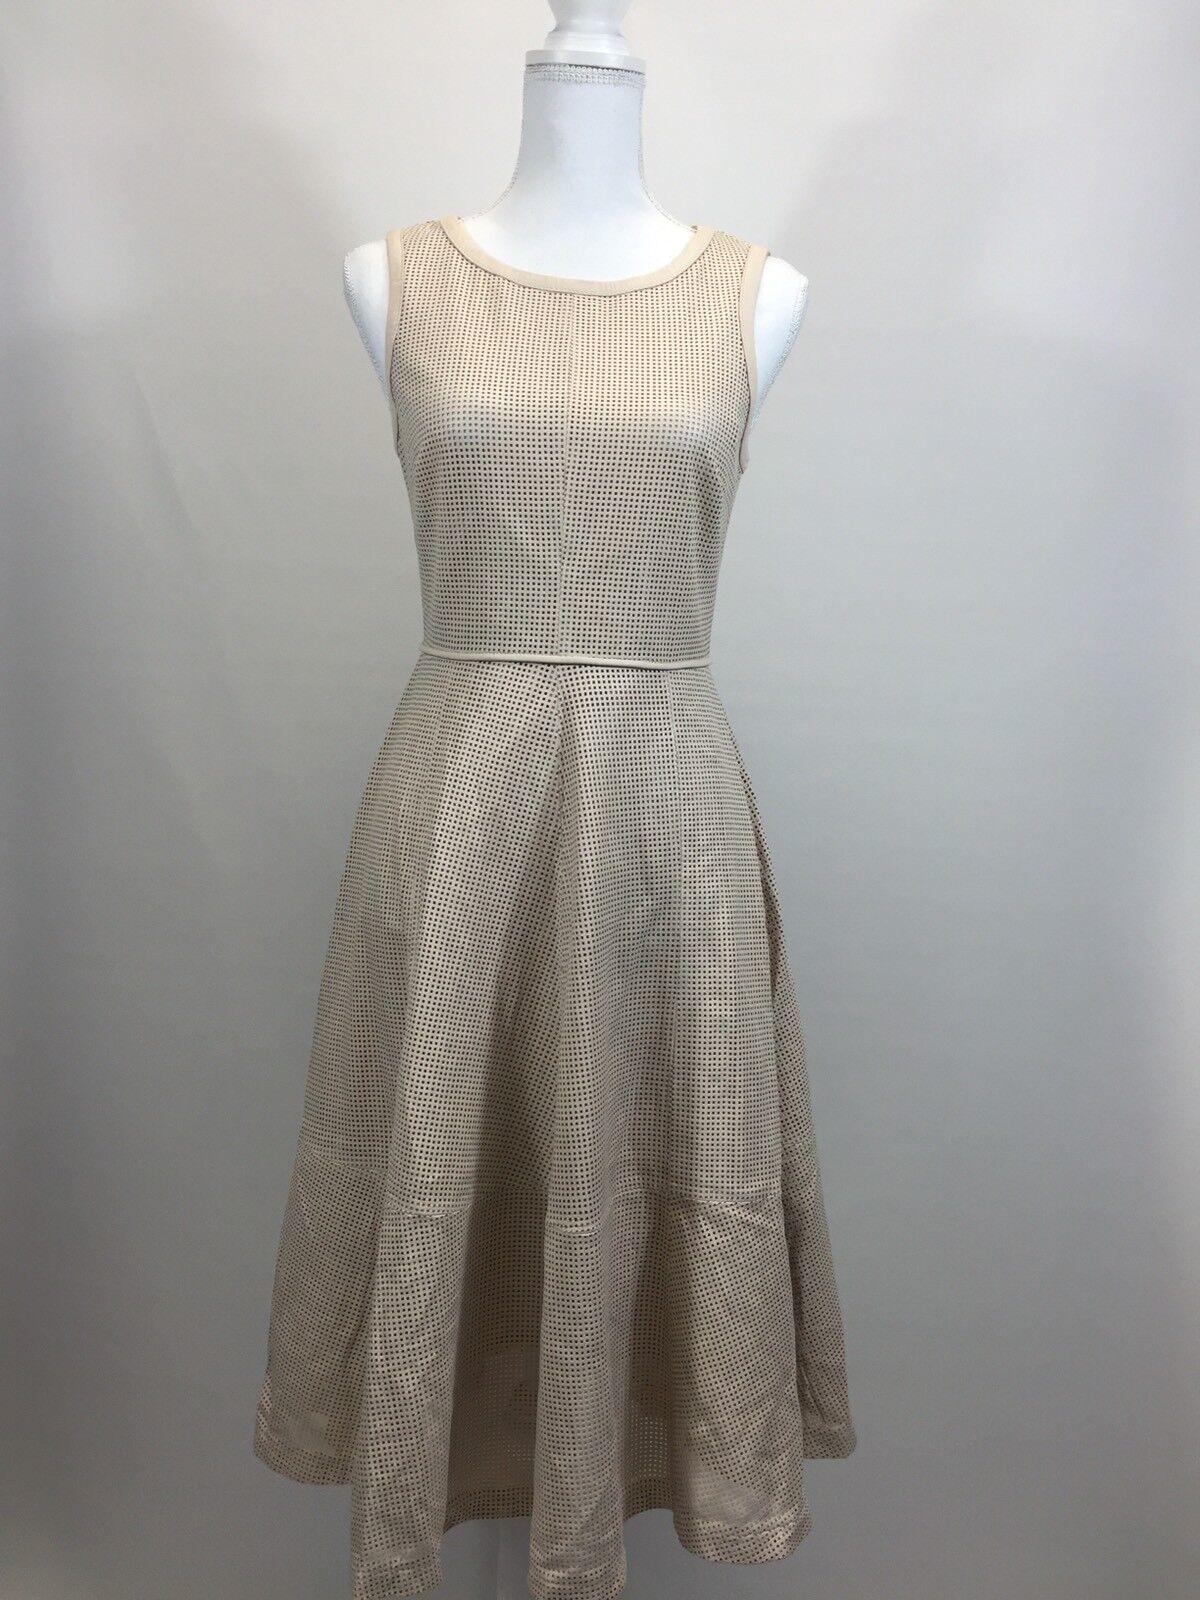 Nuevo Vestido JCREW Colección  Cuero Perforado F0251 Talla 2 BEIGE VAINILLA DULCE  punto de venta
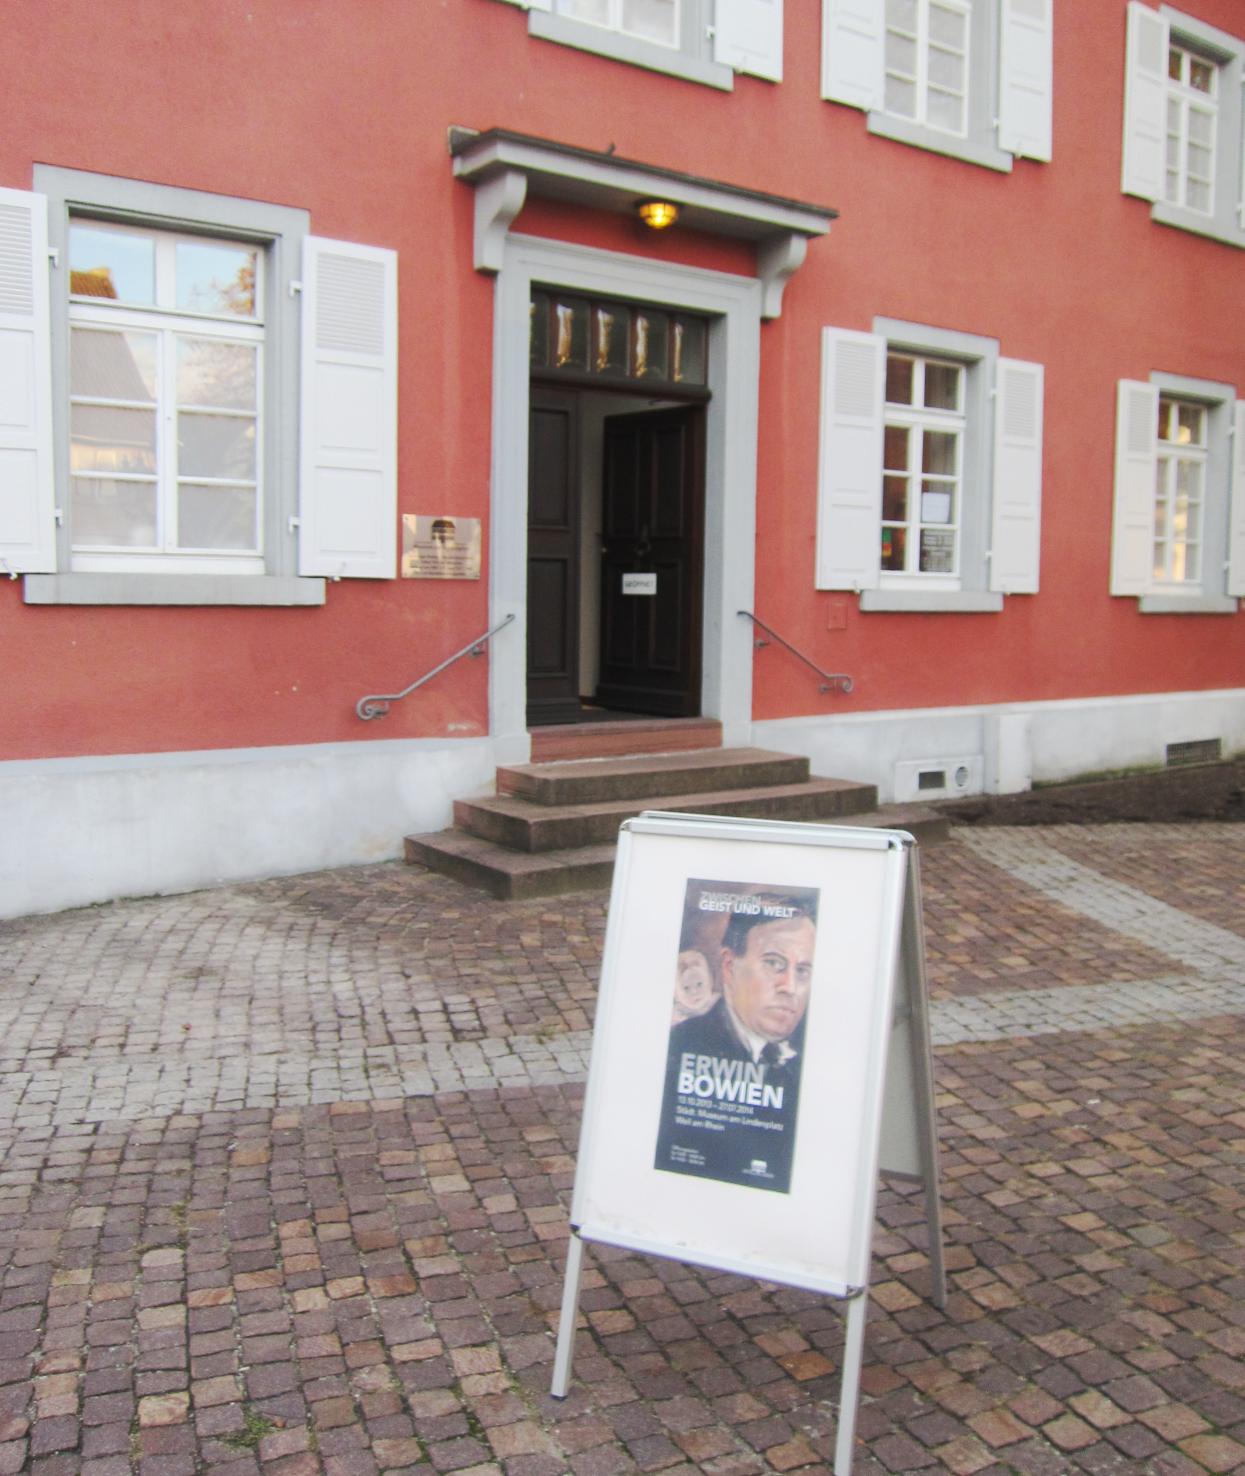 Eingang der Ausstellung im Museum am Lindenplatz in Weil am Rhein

────────────────

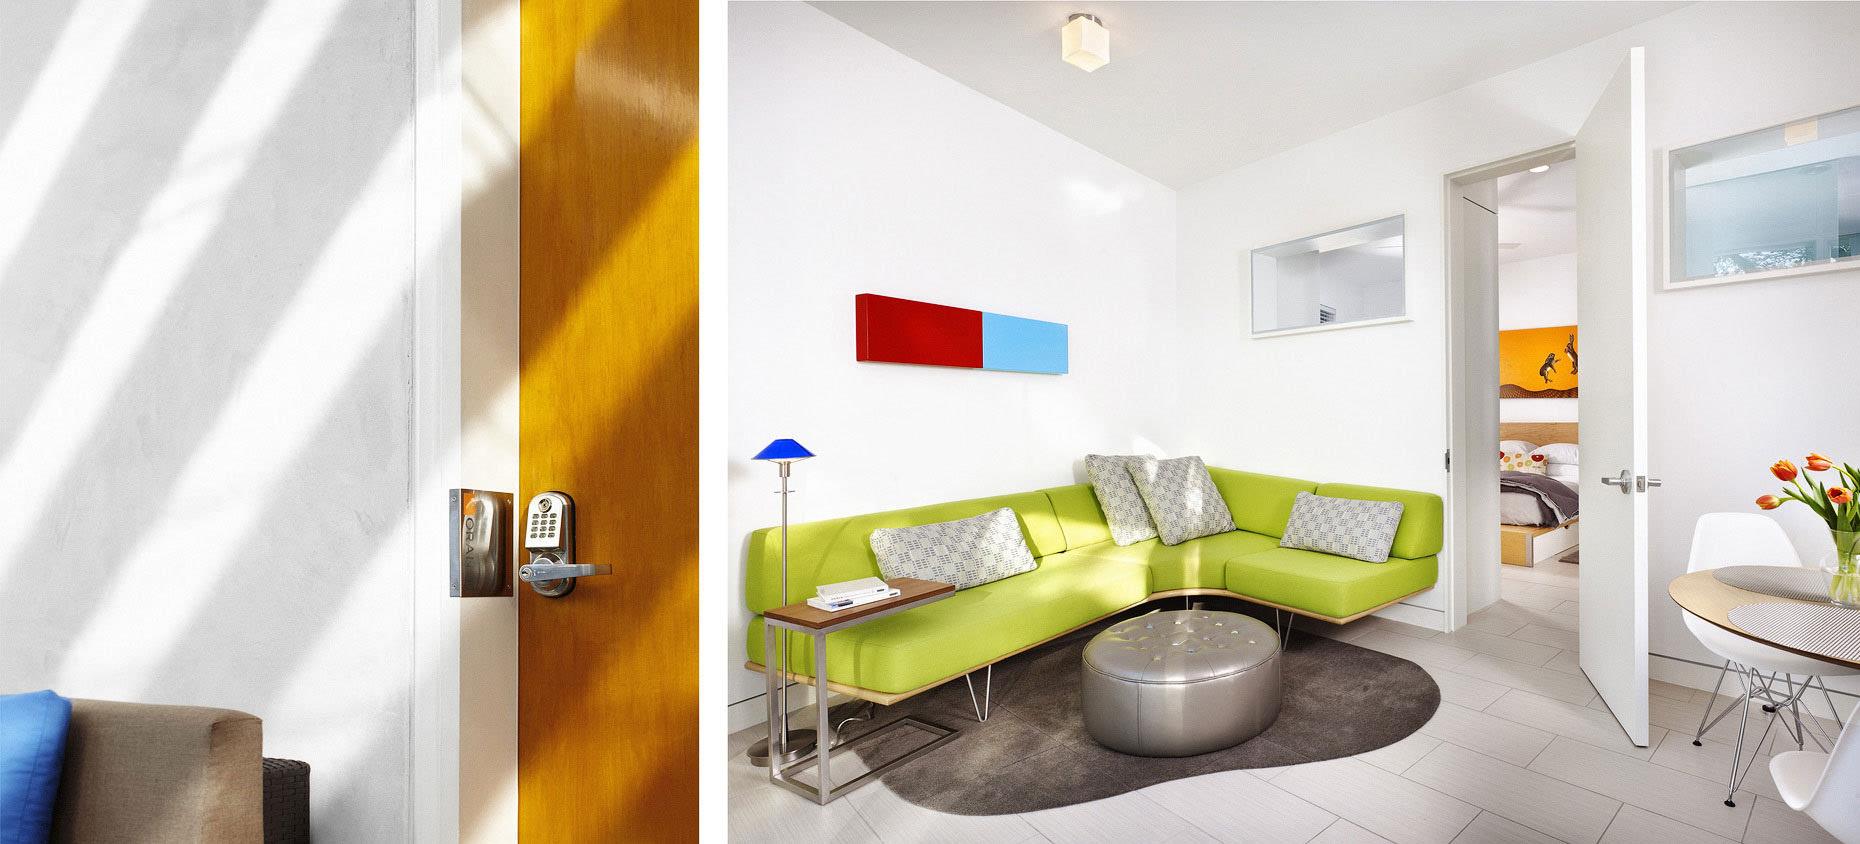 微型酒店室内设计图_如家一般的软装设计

────────────────

**EXERCISE BRIEF:**
The answer is those lines of the material above that run from the one containing "Nuevo Vestido JCREW" up to and including the one containing "Eingang der Ausstellung", restated exactly and without images.

**SOLUTION FOR THIS PROBLEM:**
 Nuevo Vestido JCREW Colección  Cuero Perforado F0251 Talla 2 BEIGE VAINILLA DULCE  punto de venta
 Eingang der Ausstellung im Museum am Lindenplatz in Weil am Rhein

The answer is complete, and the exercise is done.